End-to-End Pipeline Example: Analyzing Customer Frustration
Step 1: Split Operation
- name: split_transcript
type: split
split_key: transcript
method: token_count
method_kwargs:
num_tokens: 500
model: gpt-4o-mini
import docetl
docetl.default_model = "gpt-4o-mini"
pipeline = docetl.read_json("transcripts.json")
pipeline = pipeline.split(
name="split_transcript",
split_key="transcript",
method="token_count",
method_kwargs={"num_tokens": 500, "model": "gpt-4o-mini"},
)
Step 2: Map Operation (Identify Frustration Indicators)
- name: identify_frustration
type: map
input:
- transcript_chunk
prompt: |
Analyze the following customer support transcript chunk for signs of customer frustration:
{{ input.transcript_chunk }}
Identify any indicators of frustration, such as:
1. Use of negative language
2. Repetition of issues
3. Expressions of dissatisfaction
4. Requests for escalation
Provide a list of frustration indicators found, if any.
output:
schema:
frustration_indicators: list[string]
pipeline = pipeline.map(
name="identify_frustration",
input=["transcript_chunk"],
prompt="""Analyze the following customer support transcript chunk for signs of customer frustration:
{{ input.transcript_chunk }}
Identify any indicators of frustration, such as:
1. Use of negative language
2. Repetition of issues
3. Expressions of dissatisfaction
4. Requests for escalation
Provide a list of frustration indicators found, if any.""",
output={"schema": {"frustration_indicators": "list[string]"}},
)
Step 3: Reduce Operation (Summarize Frustration Points)
- name: summarize_frustration
type: reduce
reduce_key: split_transcript_id
associative: false
prompt: |
Summarize the customer frustration points for this support transcript:
{% for item in inputs %}
Chunk {{ item.split_transcript_chunk_num }}:
{% for indicator in item.frustration_indicators %}
- {{ indicator }}
{% endfor %}
{% endfor %}
Provide a concise summary of the main frustration points and their frequency or intensity across the entire transcript.
output:
schema:
frustration_summary: string
primary_issues: list[string]
frustration_level: string # e.g., "low", "medium", "high"
pipeline = pipeline.reduce(
name="summarize_frustration",
reduce_key="split_transcript_id",
associative=False,
prompt="""Summarize the customer frustration points for this support transcript:
{% for item in inputs %}
Chunk {{ item.split_transcript_chunk_num }}:
{% for indicator in item.frustration_indicators %}
- {{ indicator }}
{% endfor %}
{% endfor %}
Provide a concise summary of the main frustration points and their frequency or intensity across the entire transcript.""",
output={
"schema": {
"frustration_summary": "string",
"primary_issues": "list[string]",
"frustration_level": "string", # e.g., "low", "medium", "high"
}
},
)
rows = pipeline.collect()
Non-Associative Reduce Operation
Note the associative: false parameter in the reduce operation.
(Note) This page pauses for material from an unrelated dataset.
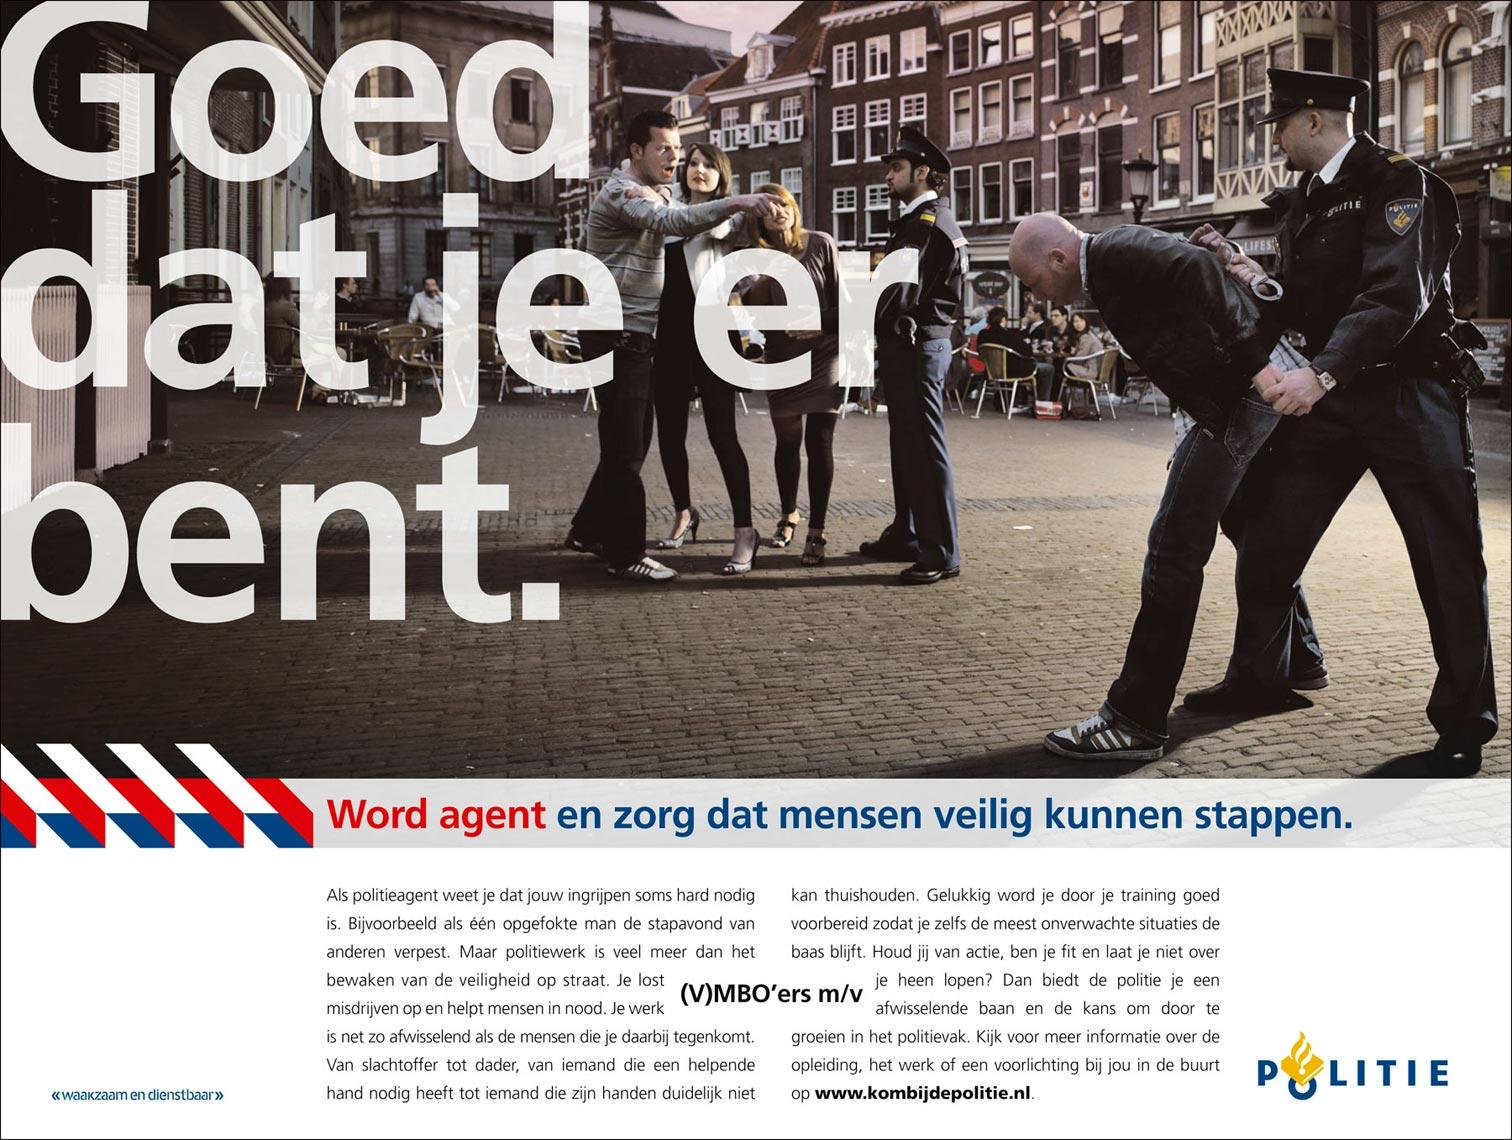 maximum-politie-reclamefotografie-pim-vuik-fotografie-rotterdam-02.jpg

When chunk order matters, it ensures the reduce processes chunks in the order they appear in the original transcript.
Best Practices
-
Balance Chunk Size: Smaller chunks may lose context, while larger chunks may degrade model accuracy. The DocETL optimizer can find the chunk size that works best for your task.
-
Consider Overlap: Overlap between chunks isn't built into the Split operation, but you can achieve it by post-processing the split chunks.
-
Use Appropriate Delimiters: Choose a delimiter that logically divides your text (e.g., double newlines for paragraphs, custom markers for sections), and adjust
num_splits_to_groupso chunks contain enough context for your task. -
Mind the Order: If chunk order matters for your analysis, set
associative: falsein subsequent reduce operations. -
Combine Methods: For very large documents, first split into large sections using delimiters, then apply token count splitting so no chunk exceeds model limits.